Rooz acknowledged that Canton participants can create environments that resemble the unrestricted access of networks like Ethereum and Solana. However, he suggested that safety parameters will likely become standard for most consumer-focused applications.
At the same time, he emphasized that projects must choose to use these features and said Canton should not be viewed as a “silver bullet” for DeFi’s problems. Still, he argued that the ability to decide who can access applications—and keep out potential threats—could be a key advantage for institutions.

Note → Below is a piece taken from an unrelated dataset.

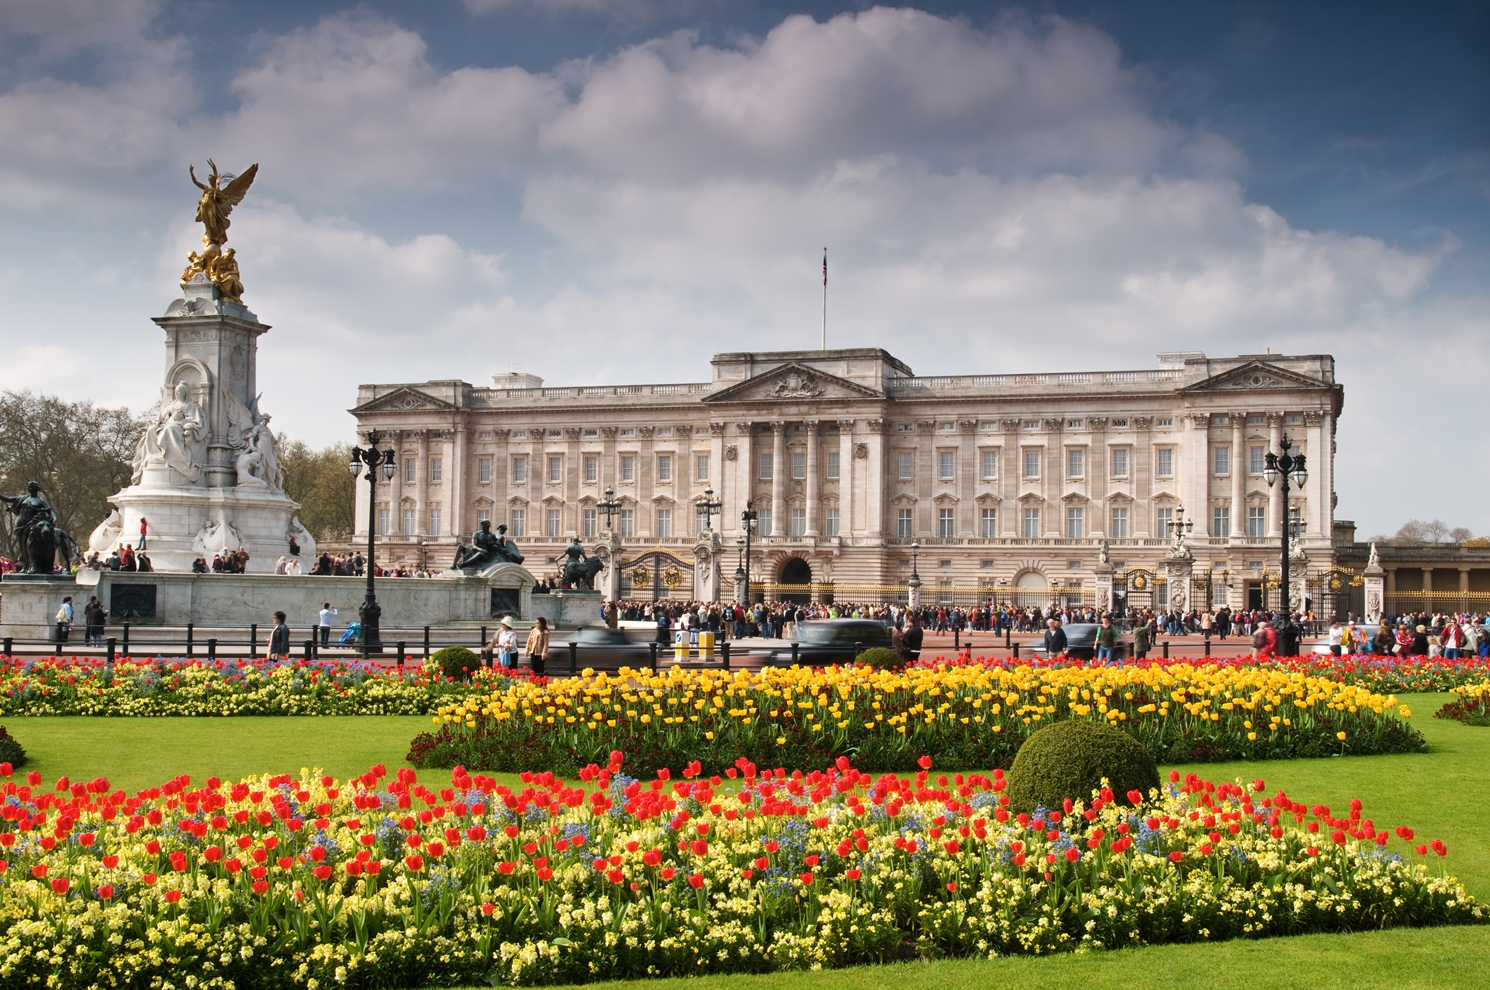 Buckingham Sarayı

                                    
                                    İngiliz Kraliyet Ailesi'nin Londra'da yaşadığı saray, 18. yüzyılın başlarında inşa edildi. Sarayda 775 oda, 19 devlet odası, 52 kraliyet ve misafir yatak odası, 188 personel yatak odası, 92 ofis ile 78 banyo bulunuyor. Sarayın değeri ise 1.550.000.000 dolar.

Rooz said the tension between decentralization and safety is already visible in stablecoin operations. He pointed to Circle, which said it would not lock down USDC stablecoins without a court order after North Korean-linked attackers used the issuer’s infrastructure to move funds. He also cited Tether’s work with authorities to freeze funds allegedly connected to illicit finance.
Rooz said the push-pull between absolute decentralization and safety is unlikely to fade. In a landscape where a single exploit can cause major damage, he suggested that the ability to restrict access to bad actors—once controversial—may become a widely adopted standard.